To use AngularJS with Google Cloud Video Intelligence for video content analysis, you would typically follow these general steps:
Set up a Google Cloud project: If you haven't already, create a Google Cloud Platform (GCP) project and enable the Video Intelligence API.
Enable billing and APIs: Enable billing for your project and make sure the Video Intelligence API is enabled in the GCP Console.
Get API credentials: Obtain the necessary API credentials (API key or service account key) to authenticate your application with the Video Intelligence API.
Install necessary packages: In your AngularJS project, you might need to install certain packages or dependencies to handle API requests. For example, you might use angular-resource
for making HTTP requests.
Write AngularJS code: Write AngularJS code to interact with the Video Intelligence API. This might involve creating services or factories to handle API requests, parsing responses, and updating the UI accordingly.
Integrate with Video Intelligence API: Use AngularJS's $http
service or other relevant methods to send requests to the Video Intelligence API endpoints. You'll typically send video files to the API for analysis and receive analysis results in response.
Display results in your AngularJS application: Once you receive analysis results from the API, you can display them in your AngularJS application's UI. This might involve updating data bindings, showing video thumbnails, displaying labels or annotations, etc.

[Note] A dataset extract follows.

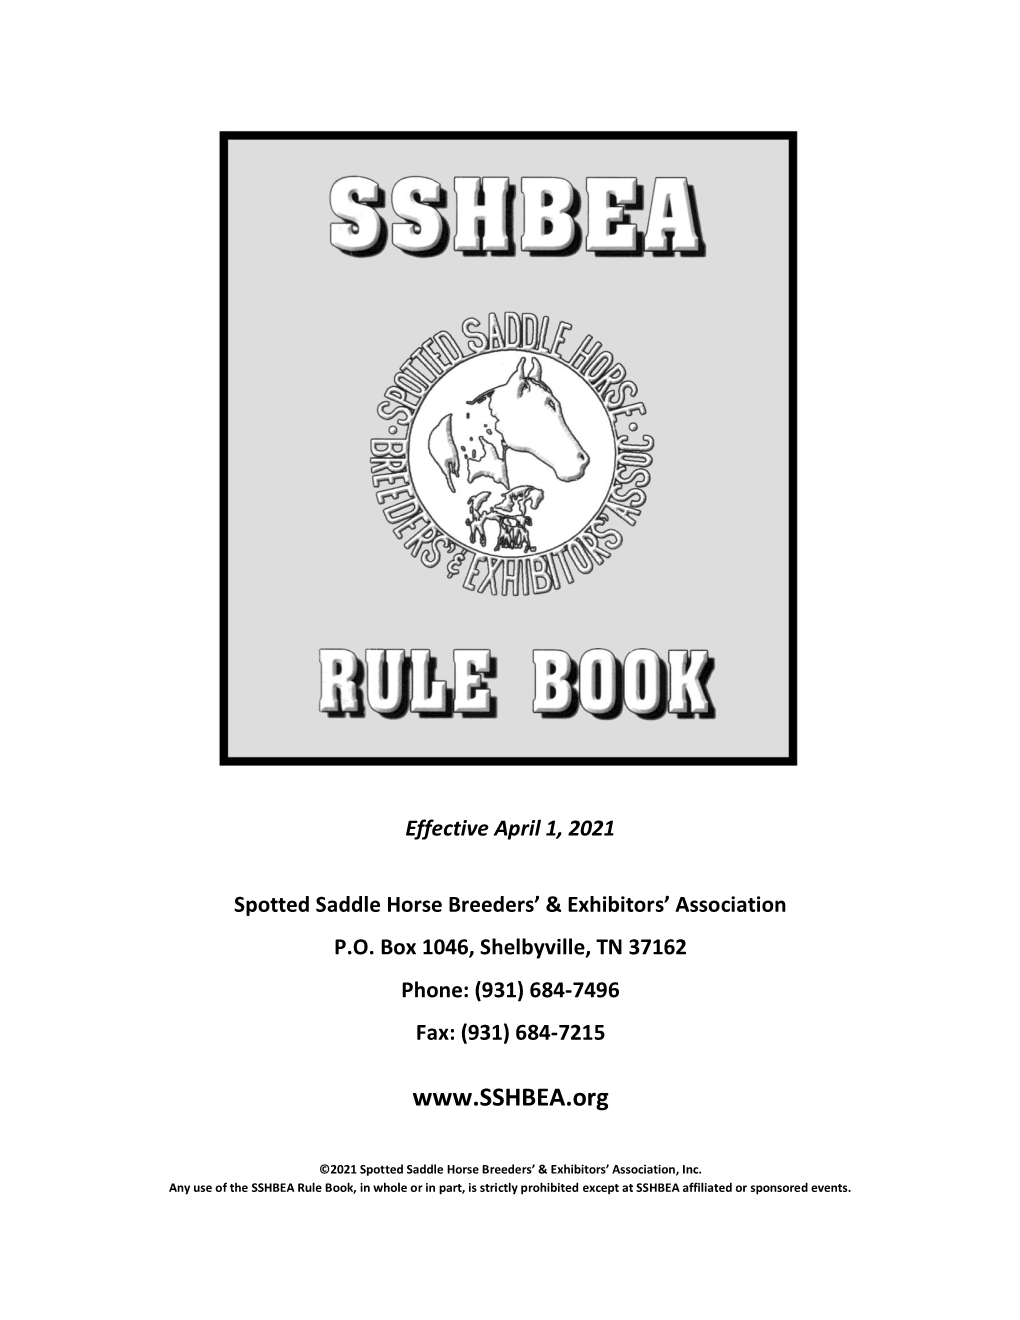 SSHBEA Rule Book 2021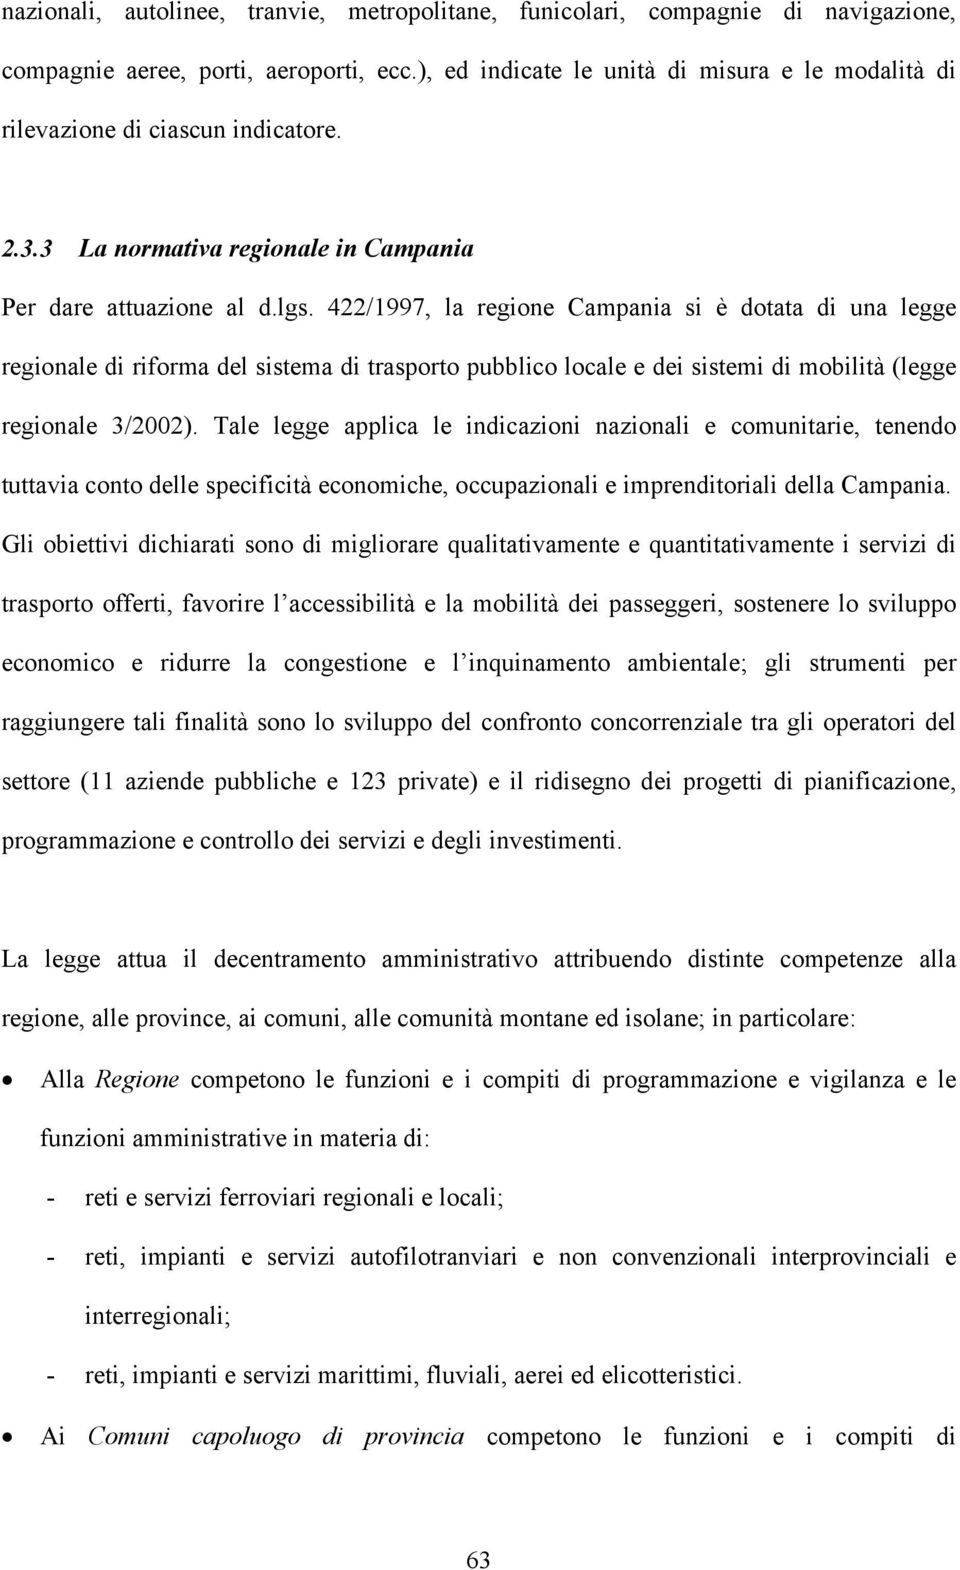 422/1997, la regione Campania si è dotata di una legge regionale di riforma del sistema di trasporto pubblico locale e dei sistemi di mobilità (legge regionale 3/2002).

Here's a very basic example of how you might integrate AngularJS with the Video Intelligence API:
javascript// AngularJS controller
angular.module('videoAnalysisApp', [])
.controller('VideoAnalysisController', function($scope, $http) {
$scope.analyzeVideo = function() {
var videoFile = $scope.videoFile; // Assuming you have a file input in your HTML
var apiUrl = 'https://videointelligence.googleapis.com/v1/videos:annotate?key=YOUR_API_KEY';
var requestData = {
inputContent: videoFile, // Assuming you're sending the file content directly
features: ['LABEL_DETECTION'] // Example feature, you can add more as needed
};
$http.post(apiUrl, requestData)
.then(function(response) {
// Handle successful response
$scope.analysisResults = response.data;
})
.catch(function(error) {
// Handle error
console.error('Error analyzing video:', error);
});
};
});
In this example, analyzeVideo()
is a function that gets called when the user wants to analyze a video. It sends a POST request to the Video Intelligence API endpoint with the video file and requested features, then updates the $scope.analysisResults
variable with the API response, which you can then display in your HTML.
Remember to replace 'YOUR_API_KEY'
with your actual API key, and adjust the code according to your specific requirements and the structure of your AngularJS application.